Vogel v. Los Angeles County

Citation64 Cal.Rptr. 409,68 Cal.2d 18
CourtUnited States State Supreme Court (California)
Decision Date21 December 1967
Parties, 434 P.2d 961 Robert S. VOGEL, Plaintiff and Respondent, v. COUNTY OF LOS ANGELES et al., Defendants and Appellants. L.A. 29515.

[434 P.2d 962] [68 Cal.2d 19] Harold W. Kennedy and John D. Maharg, County Counsel, Robert C. Lynch, Assistant County Counsel, and Donald K. Byrne, Deputy County Counsel, for defendants and appellants.

A. L. Wirin, Fred Okrand and Laurence R. Sperber, Los Angeles, for plaintiff and respondent.

Albert M. Bendich, Berkeley, Coleman A. Blease, Sacramento, Richard Jennings, Robert M. O'Neil, Berkeley, Marshall W. Krause, San Francisco, and Paul N. Halvonik as amici curiae on behalf of plaintiff and respondent.

PETERS, Justice.

Defendants appeal, in this taxpayer's action, from a summary judgment enjoining them from expending public funds (Code Civ.Proc. § 526a), for administering or enforcing the second paragraph of the oath required of public employees by section 3 of article XX of the California Constitution. The trial court held that the second paragraph of the oath is invalid, and granted the injunction. We agree with this determination.

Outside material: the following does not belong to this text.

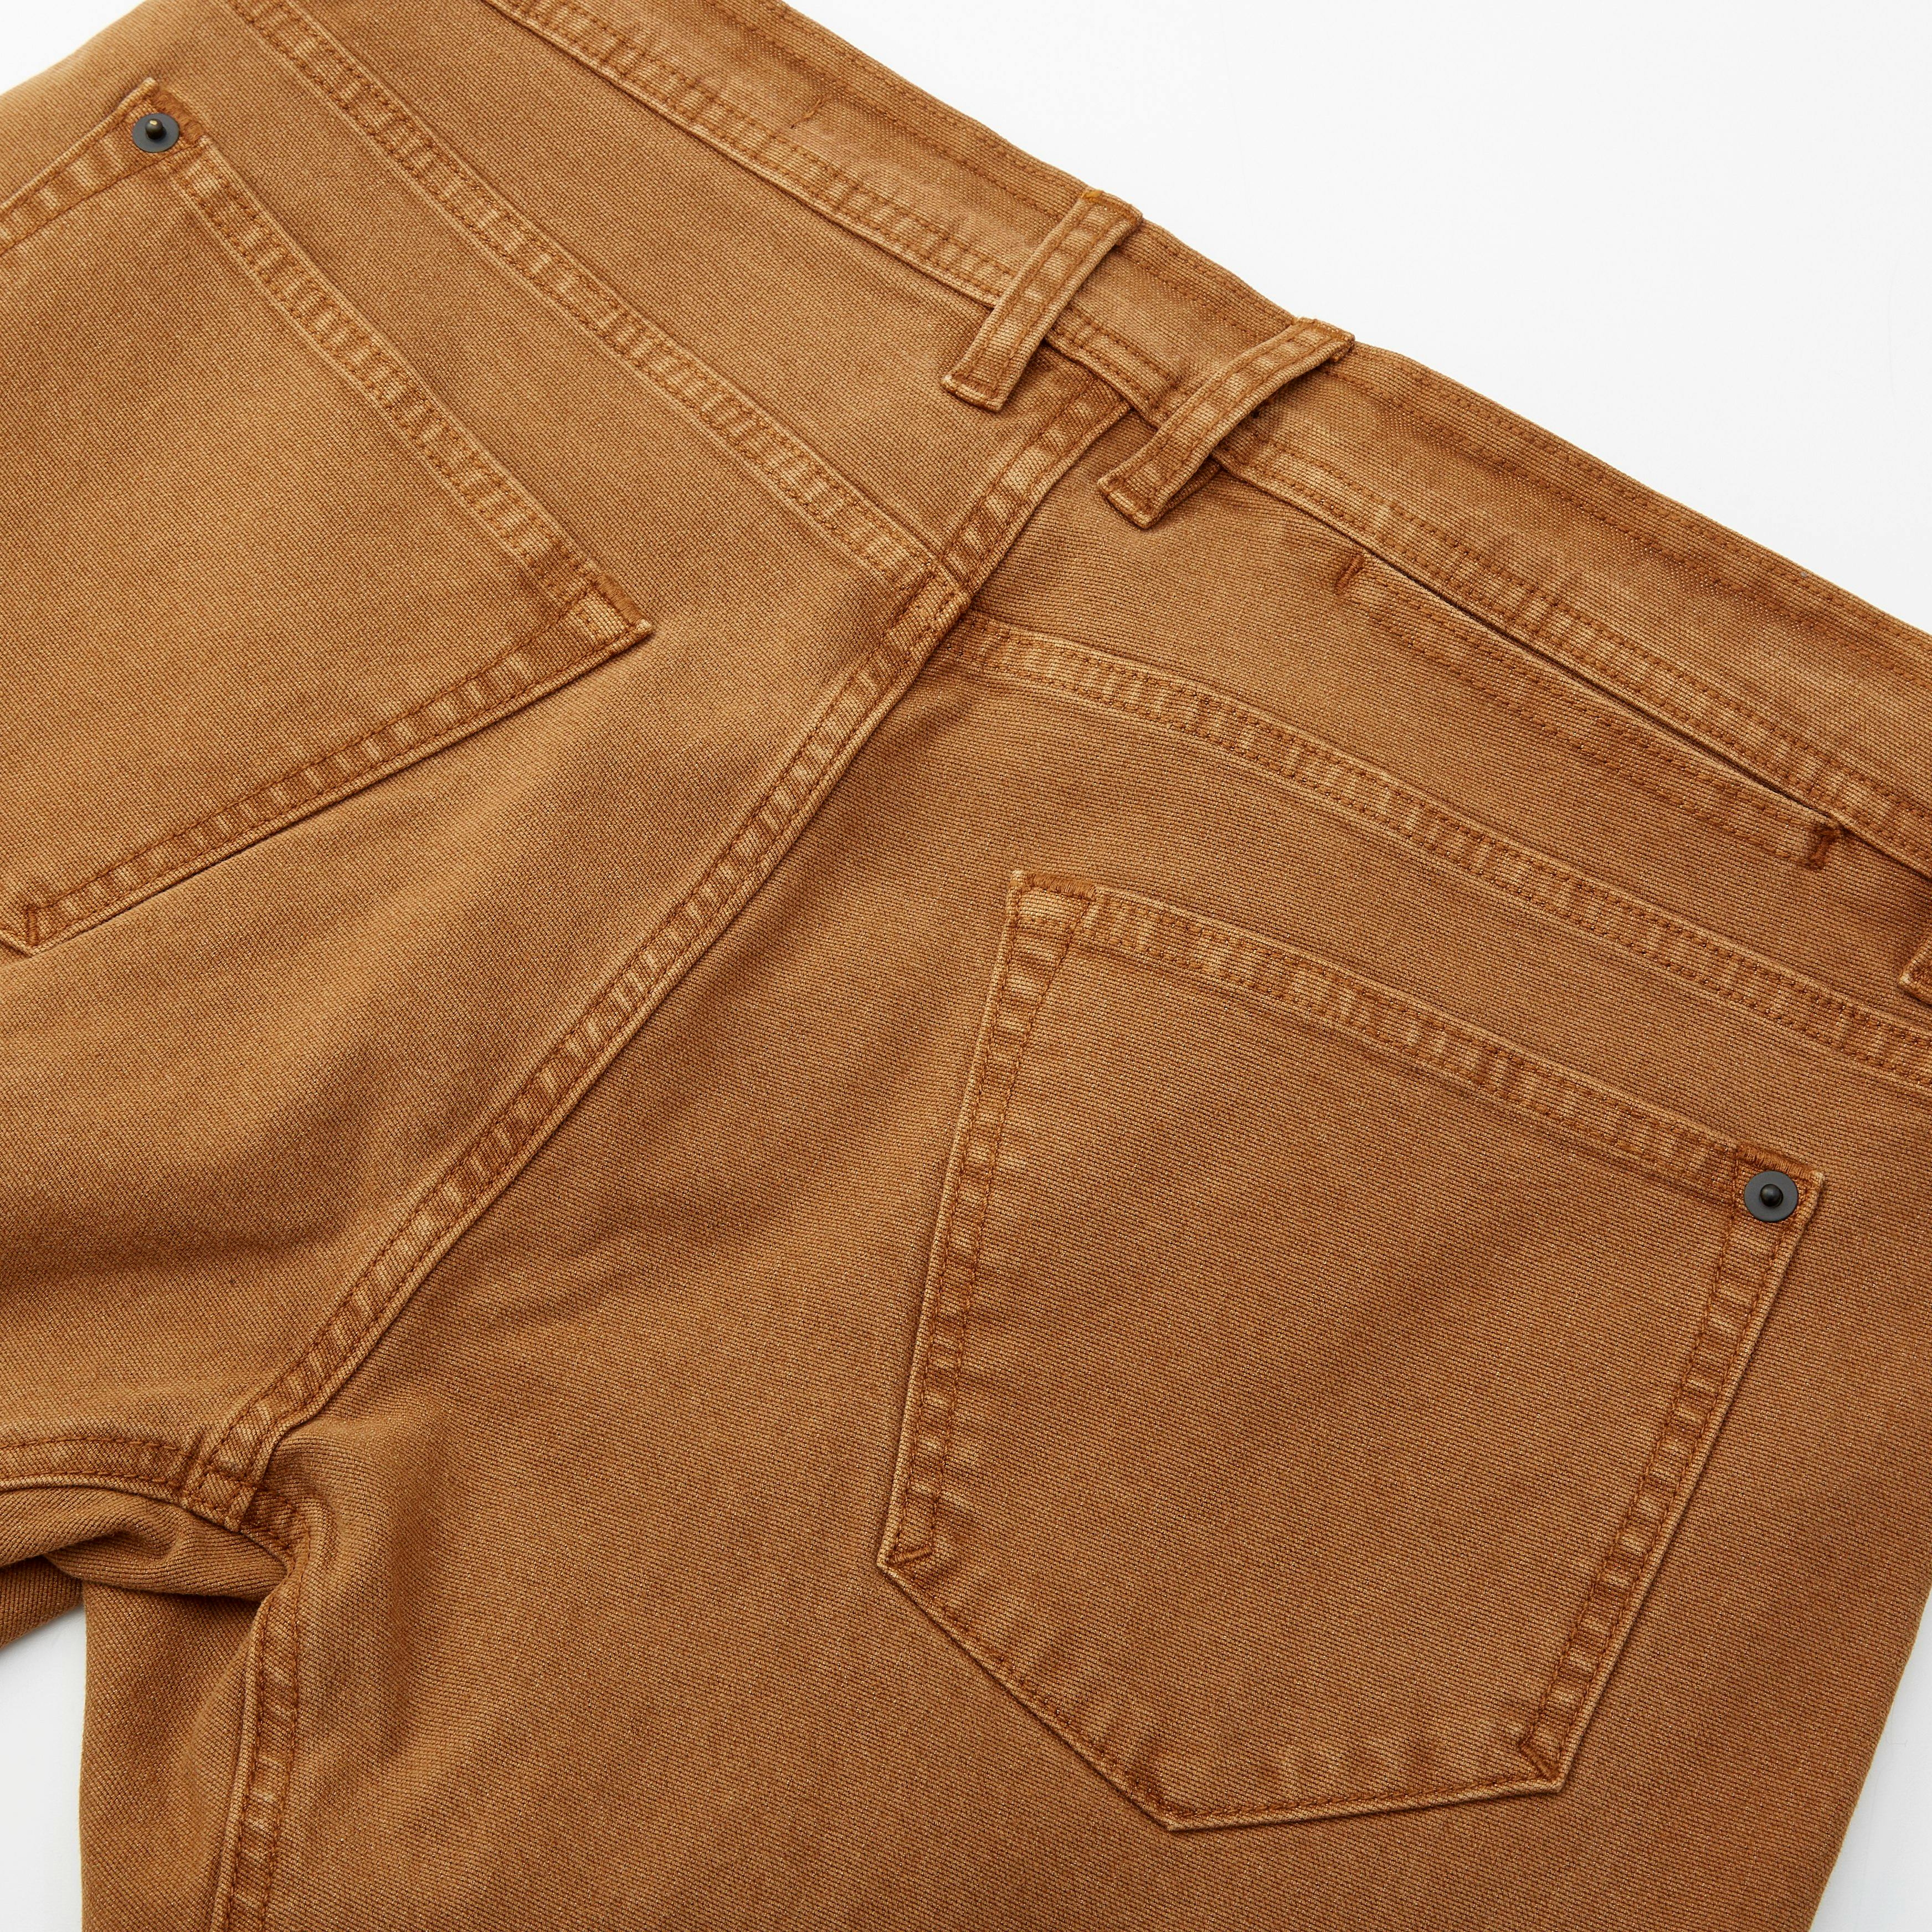 Slim Pant Canyon Pants - Proof Double-Knee Work - Huckberry Work | Rover |

Section 3 of article XX of the California Constitution provides:

'Members of the Legislature, and all public officers and [68 Cal.2d 20] employees, executive, legislative, and judicial, except such inferior officers and employees as may be by law exempted, shall, before they enter upon the duties of their respective offices, take and subscribe the following oath or affirmation:

"I, .........., do solemnly swear (or affirm) that I will support and defend the Constitution of the United States and the Constitution of the State of California against all enemies, foreign and domestic; that I will bear true faith and allegiance to the Constitution of the United States and the Constitution of the State of California; that I take this obligation freely, without any mental reservation or purpose of evasion; and that I will well and faithfully discharge the duties upon which I am about to enter.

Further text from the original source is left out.